Proportion of rejections of latent monotonicity for the nonmonotone item using the Bayes factor procedure (1000 replications) and the order-constrained NHST procedure, for varying sample size (rows) and test length (columns).

Bayes factor | NHST | ||||||||
---|---|---|---|---|---|---|---|---|---|

\(BF_\mathrm{{MM,NM}} \le \frac{1}{20}\) | \(BF_\mathrm{{MM,NM}} \ge 20\) | \(p < .05\) | |||||||

| 5 | 10 | 20 | 5 | 10 | 20 | 5 | 10 | 20 |

100 | .702 | .833 | .911 | .000 | .001 | .000 | .334 | .404 | .457 |

200 | .902 | .958 | .981 | .000 | .001 | .000 | .553 | .645 | .652 |

500 | * | * | * | * | * | * | .931 | .800 | .842 |

### 4.2 Results

For the nonmonotone item, Table 1 reports the proportion of replications in which strong support is found against manifest monotonicity relative to its complement (\(BF_\mathrm{{MM,NM}} \le \frac{1}{20}\)), thus leading to a rejection of latent monotonicity. The results show that also for small samples the proposed procedure had a high power to correctly reject latent monotonicity; except for \(k = 5\) and \(n = 100\), the observed power levels exceeded .80 for all other conditions. The evidence against latent monotonicity increased quickly as sample size increased. For \(n \ge 500\), some of the 1000 replications encountered difficulties with the estimation of the Bayes factor (empty cells in Table 1), as the constraints were so unlikely that the estimation of some of the full conditional posteriors in Equation 8 became unfeasible. Consequently, the Bayes factor could not be estimated for every replication in these conditions. This problem can only occur if there is overwhelming evidence against \(H_\mathrm{{MM}}\), and only happens when the estimate of the Bayes factor approximately equals 0, as is the case when \(n \ge 500\). Table 1 also shows that in at most 0.1 % of the replications strong support was found for manifest monotonicity. Thus, if one uses a strict guideline and only retains items for which \(BF \ge 20\), items like the nonmonotone item will almost always be removed successfully.

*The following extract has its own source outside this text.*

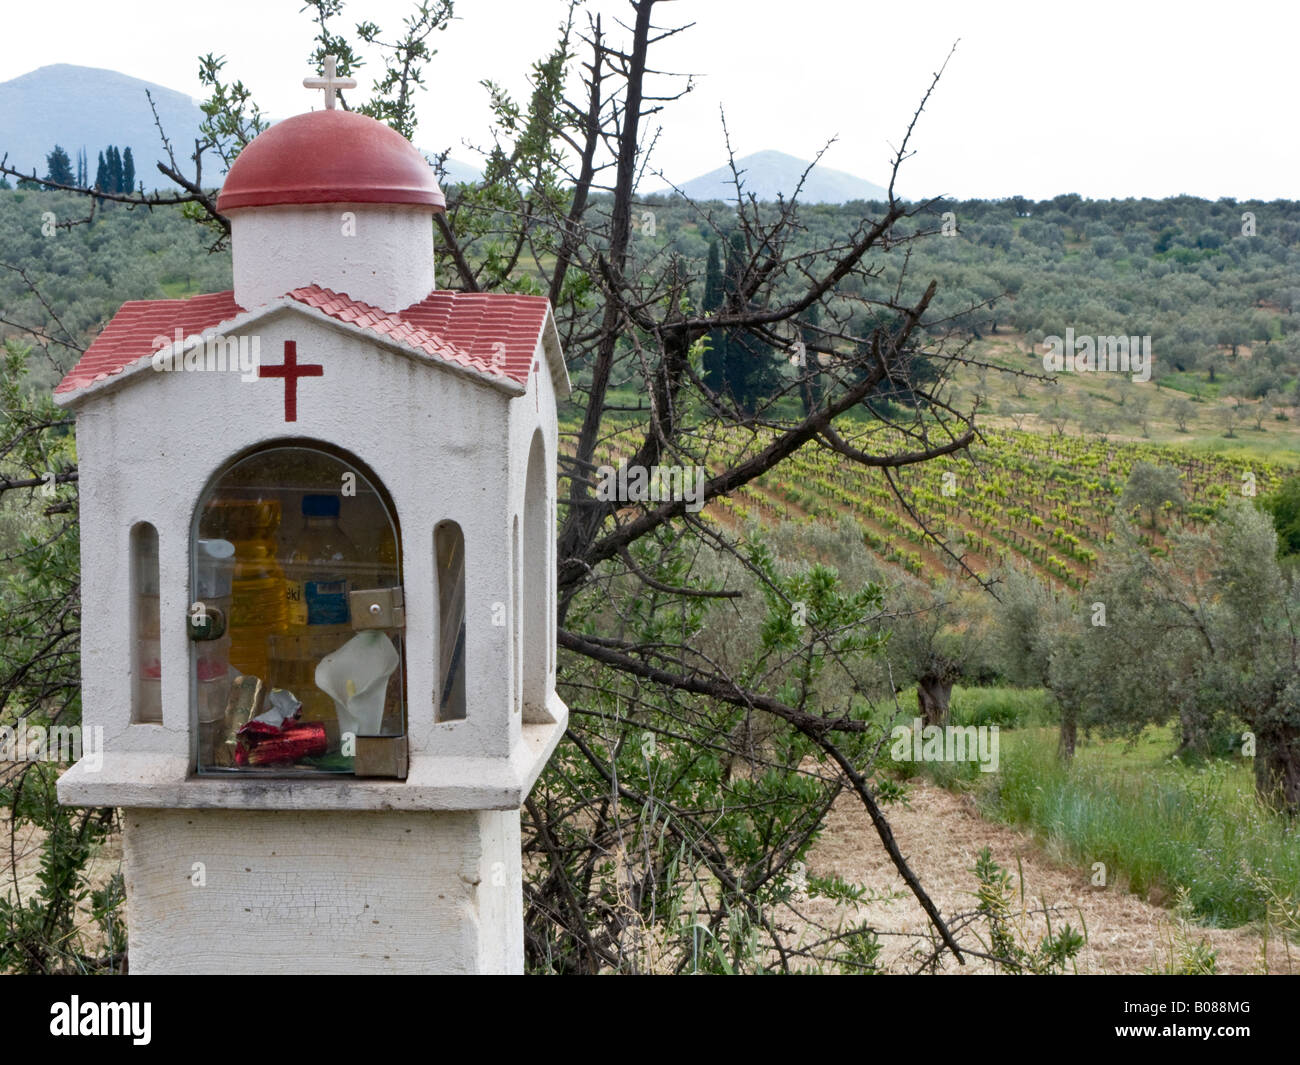 Santuario sul ciglio della strada, vicino a Corinto, Grecia, accanto a vigneto Foto Stock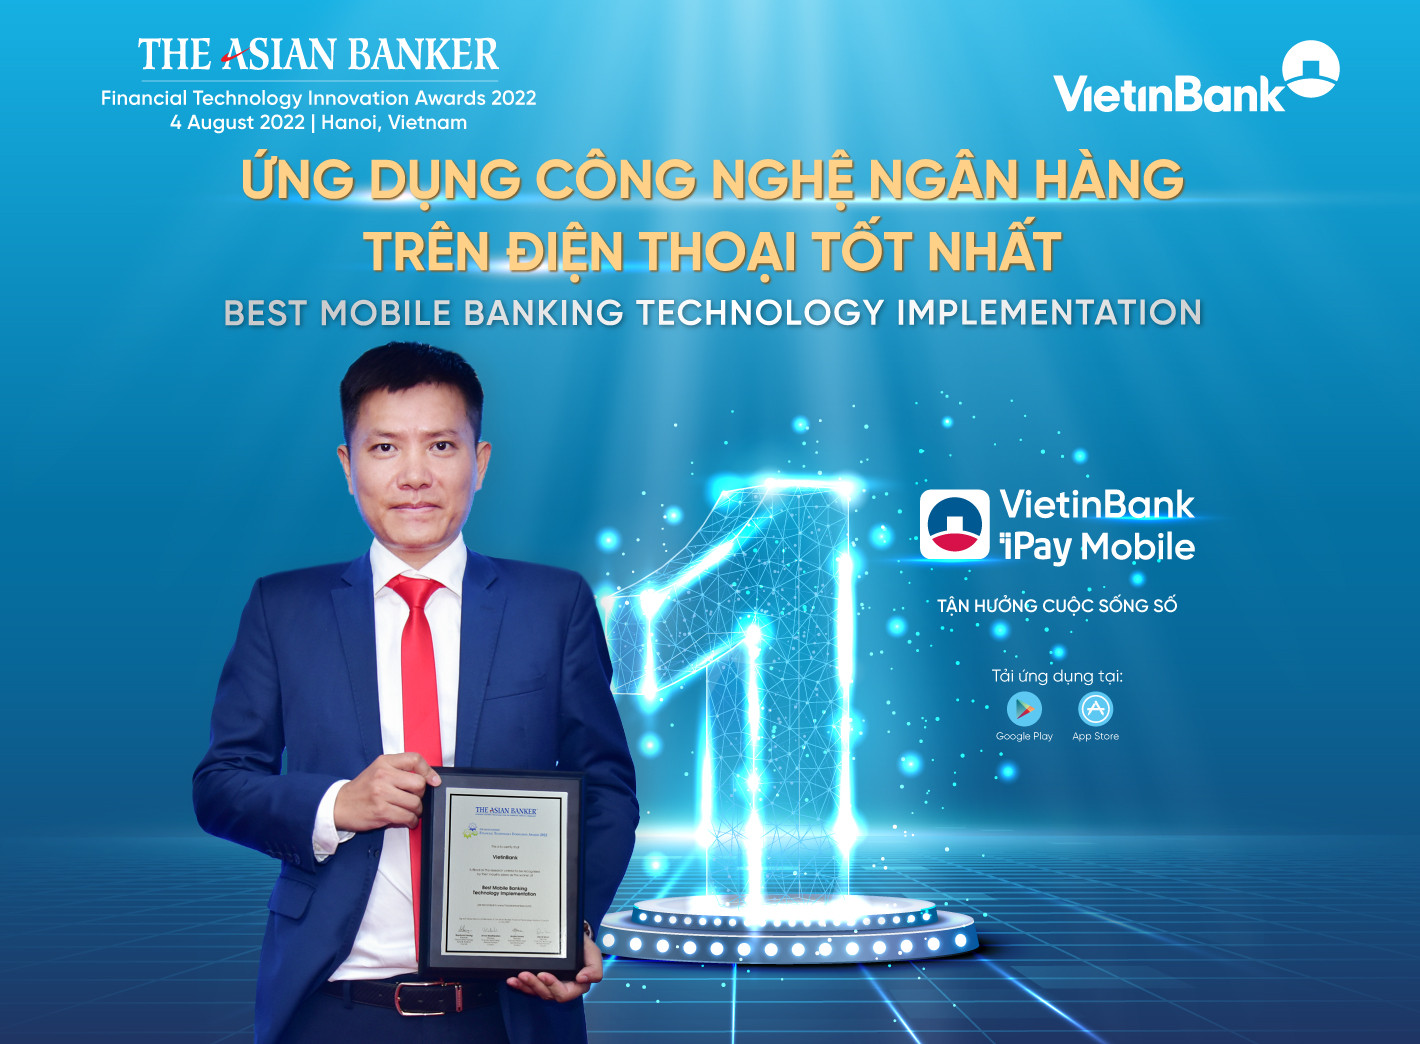 Ông Lê Anh Tuấn – Giám đốc Ban số hóa kênh phân phối bán lẻ đại diện VietinBank nhận Giải thưởng “Ứng dụng công nghệ ngân hàng trên điện thoại tốt nhất”.

Proportion of replications strongly agreeing or disagreeing with \(H_\mathrm{{MM}}\) when contrasted with \(H_\mathrm{{NM}}\) for the monotone item and the weak item (1000 replications), for varying sample size (rows) and test length (columns).

Monotone item | Weak item | |||||
---|---|---|---|---|---|---|

| 5 | 10 | 20 | 5 | 10 | 20 |

Strong support for \(H_\mathrm{{MM}}\) over \(H_\mathrm{{NM}}\) | ||||||

100 | .583 | .841 | .936 | .039 | .122 | .176 |

200 | .858 | .965 | .995 | .057 | .206 | .324 |

500 | .981 | .998 | 1.000 | .107 | .315 | .500 |

1000 | .996 | 1.000 | .999 | .137 | .406 | .640 |

Strong support for \(H_\mathrm{{NM}}\) over \(H_\mathrm{{MM}}\) | ||||||

100 | .003 | .005 | .004 | .115 | .194 | .246 |

200 | .000 | .000 | .002 | .112 | .140 | .198 |

500 | .000 | .000 | .000 | .066 | .114 | .127 |

1000 | .000 | .000 | .001 | .041 | .064 | .079 |

Table 2 shows the results for the monotone item and the weak item when contrasting manifest monotonicity with its complement. For the monotone item, the proportion of replications where \(BF_\mathrm{{MM,NM}} \ge 20\), indicating strong support for manifest monotonicity, exceeded .80 for most conditions, except for \(n = 100\) and \(k = 5\). The proportion of replications providing strong support against manifest monotonicity (\(BF_\mathrm{{MM,NM}} \le \frac{1}{20}\)) was always close to 0. As test length and sample size increased, the proportion of replications providing support for manifest monotonicity approached 1. Thus, in almost all but the most unfavorable conditions the procedure consistently indicated that manifest monotonicity held for the monotone item, and the monotone item had a high probability of correctly passing the first test of the procedure.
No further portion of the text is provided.